If you’re keen to learn more about some of the principles covered in this tutorial, I recommend checking out the Transformer Models with PyTorch course and the Deep Learning with PyTorch course.
What is mHC? From Residual Connections to Hyper-Connections
In this section, I’ll unpack the need to move beyond plain residual connections, how HC tried to solve that, and why mHC is the fix that makes the idea work at LLM scale.

Figure 1: Illustrations of Residual Connection Paradigms (mHC paper)
Residual connections (Figure a) provide each layer with an identity shortcut, allowing signals and gradients to flow cleanly through very deep networks.
DeepSeek explicitly used this identity mapping principle as the starting point for the mHC paper. The downside is that a plain residual path is also too restrictive, so it doesn’t allow much information exchange inside the residual stream.
While Hyper-Connections (HC) (Figure b) were the natural next step, which instead of one residual stream, expands into n parallel streams and adds learnable pre/post/residual mappings so streams can mix and share information. This increases expressivity without necessarily exploding per-layer FLOPs.
But at a large scale, HC runs into two big issues. First, because the streams mix freely at every layer, those small mixings pile up as you go deeper. Over many layers, the network can stop behaving like a clean “skip connection,” and signals or gradients can blow up or fade out, making the training unstable. Second, even if the extra computations are simple, the hardware cost rises fast.
Manifold-Constrained Hyper-Connections (mHC) (Figure c) keeps the extra connectivity of HC, but makes it safe to train like a ResNet.
The main idea is that instead of letting the residual streams mix in any way, mHC forces the mixing to follow strict rules. In the paper, it does this by turning the mixing matrix into a well-behaved “weighted average”, using a procedure called Sinkhorn–Knopp. The result is that even after many layers, the mixing stays stable, and signals and gradients do not explode or vanish.

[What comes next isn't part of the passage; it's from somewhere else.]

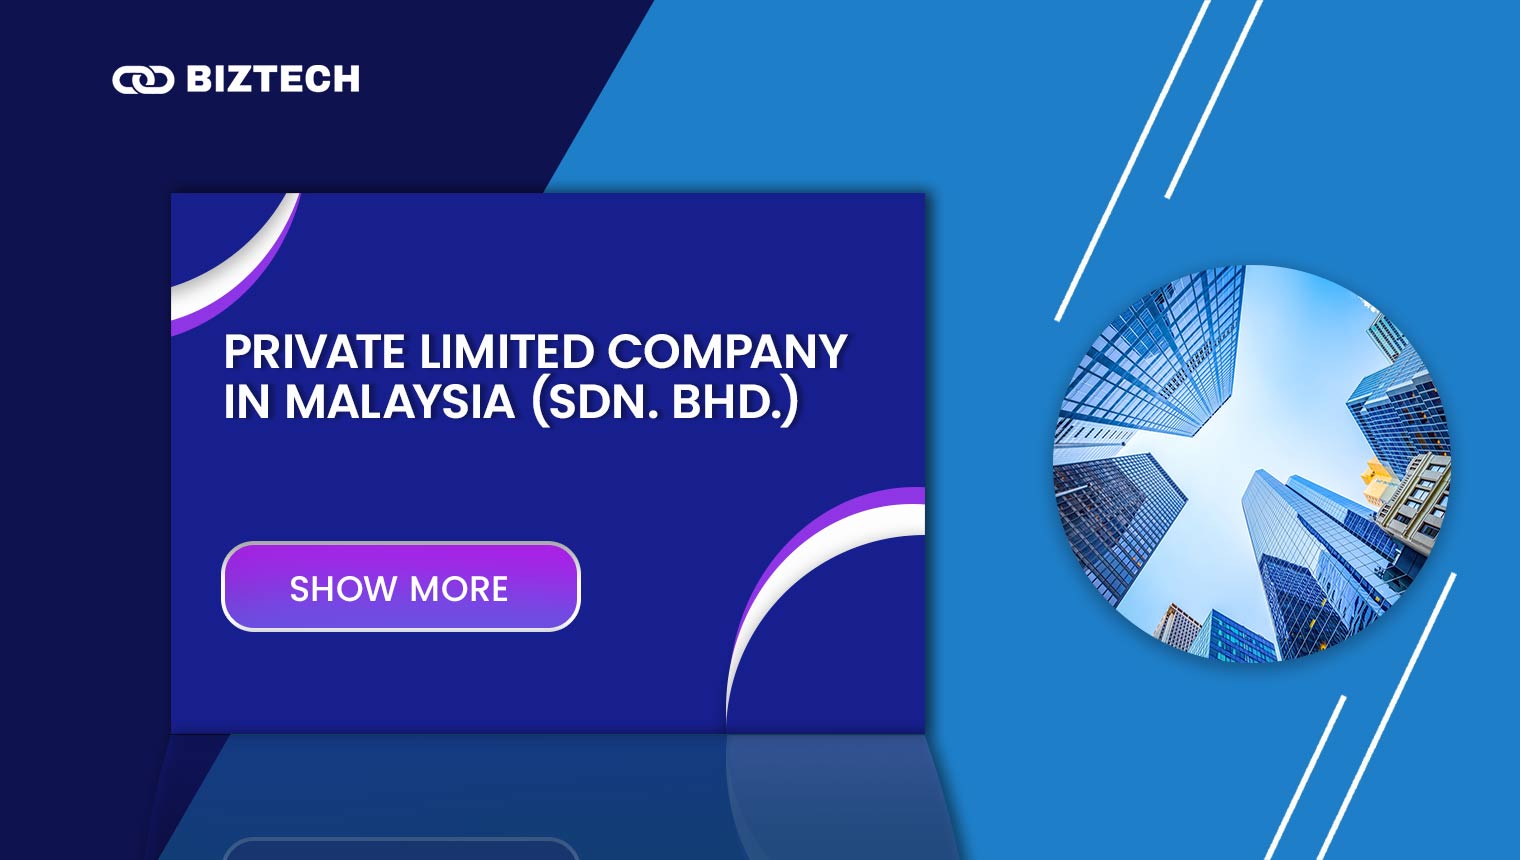 Private limited company in Malaysia (Sdn. Bhd.)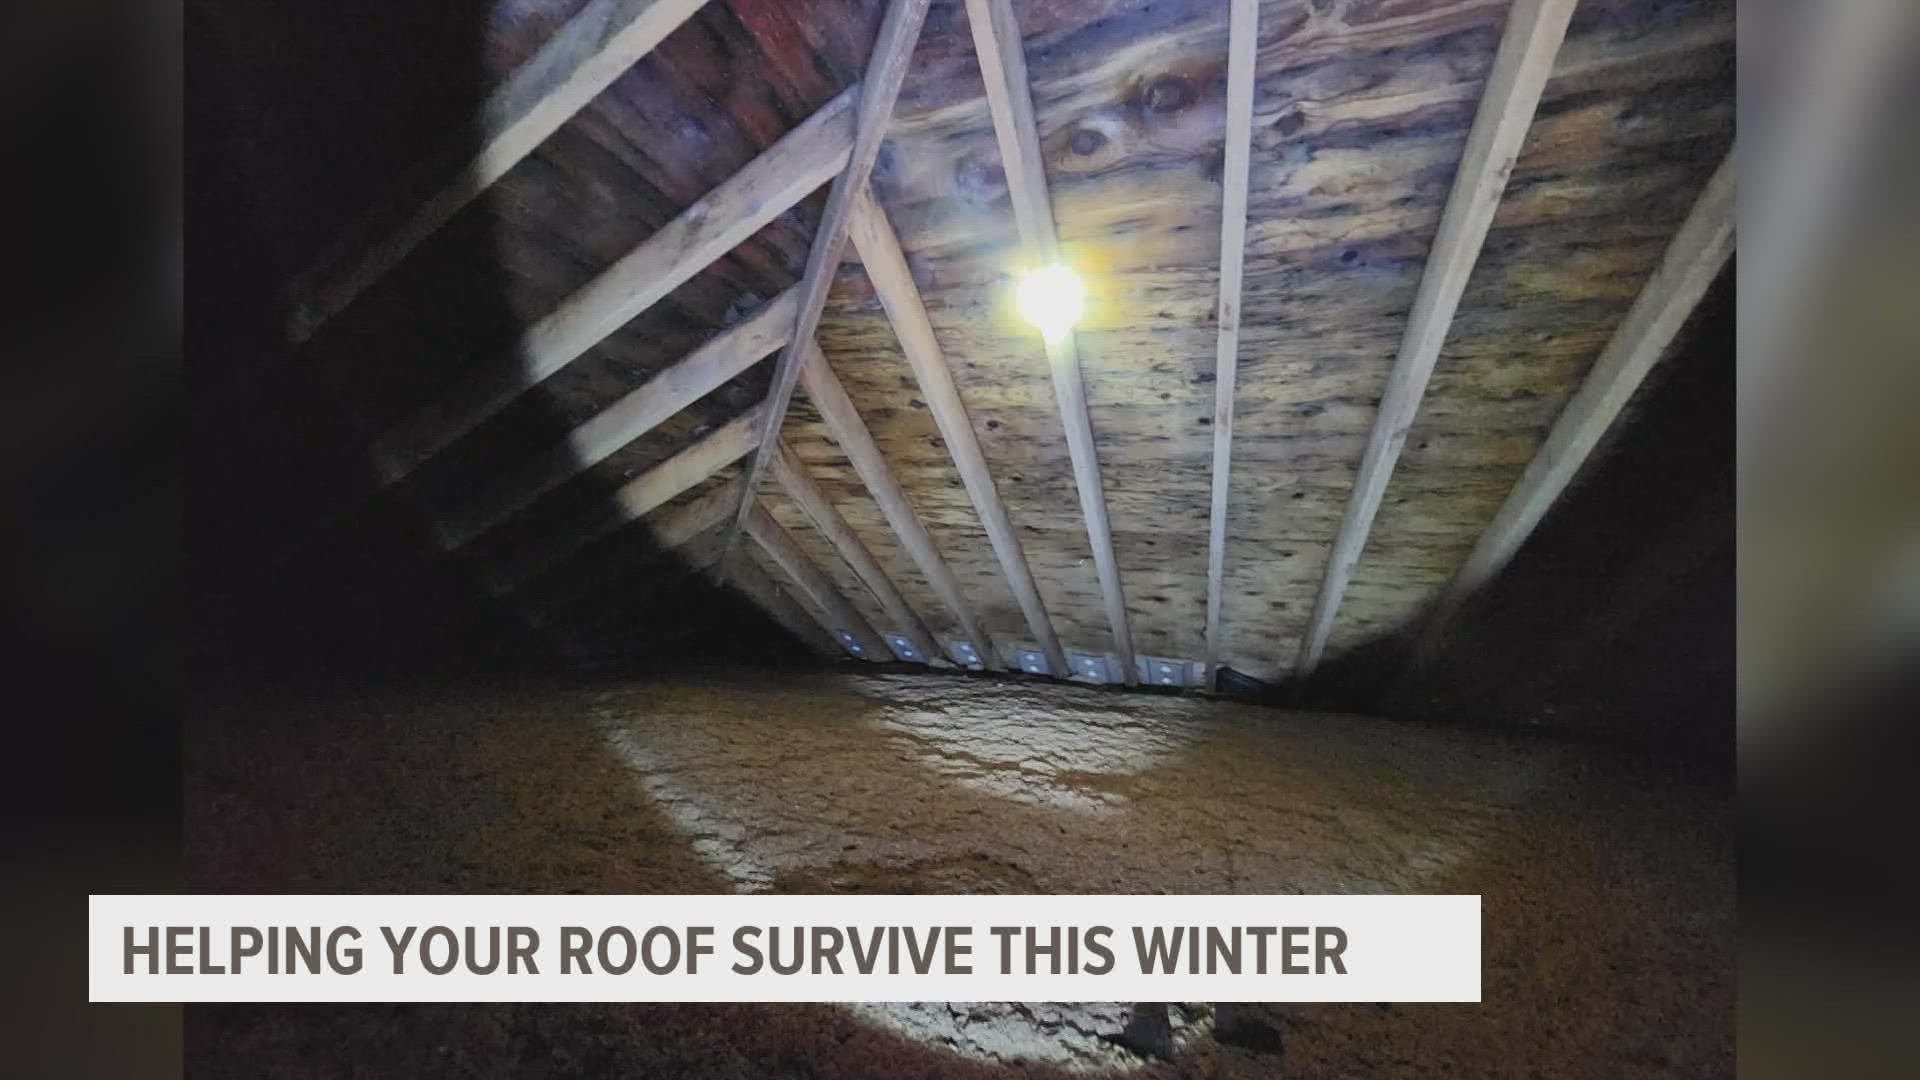 From ice jams to moisture buildup in attics, Jared Harrison with R3 Roofing and Exteriors has had calls for just about everything so far this winter.

In short, we moved from residual connections to mHC because we wanted richer information flow rather than a single skip path.
mHC Key Concepts
At a high level, mHC keeps Hyper-Connection’s multi-stream mixing, but puts hard guardrails on the mixing so it behaves like a stable, ResNet-style skip path even when we stack hundreds of layers.
The authors constrain the residual mixing matrix Hlres so it stays well-behaved across depth, while still allowing streams to exchange information.
Concretely, mHC forces Hlres to be doubly stochastic, i.e., all entries are non-negative, and each row and each column sums to 1. That makes the residual stream act like a controlled weighted average.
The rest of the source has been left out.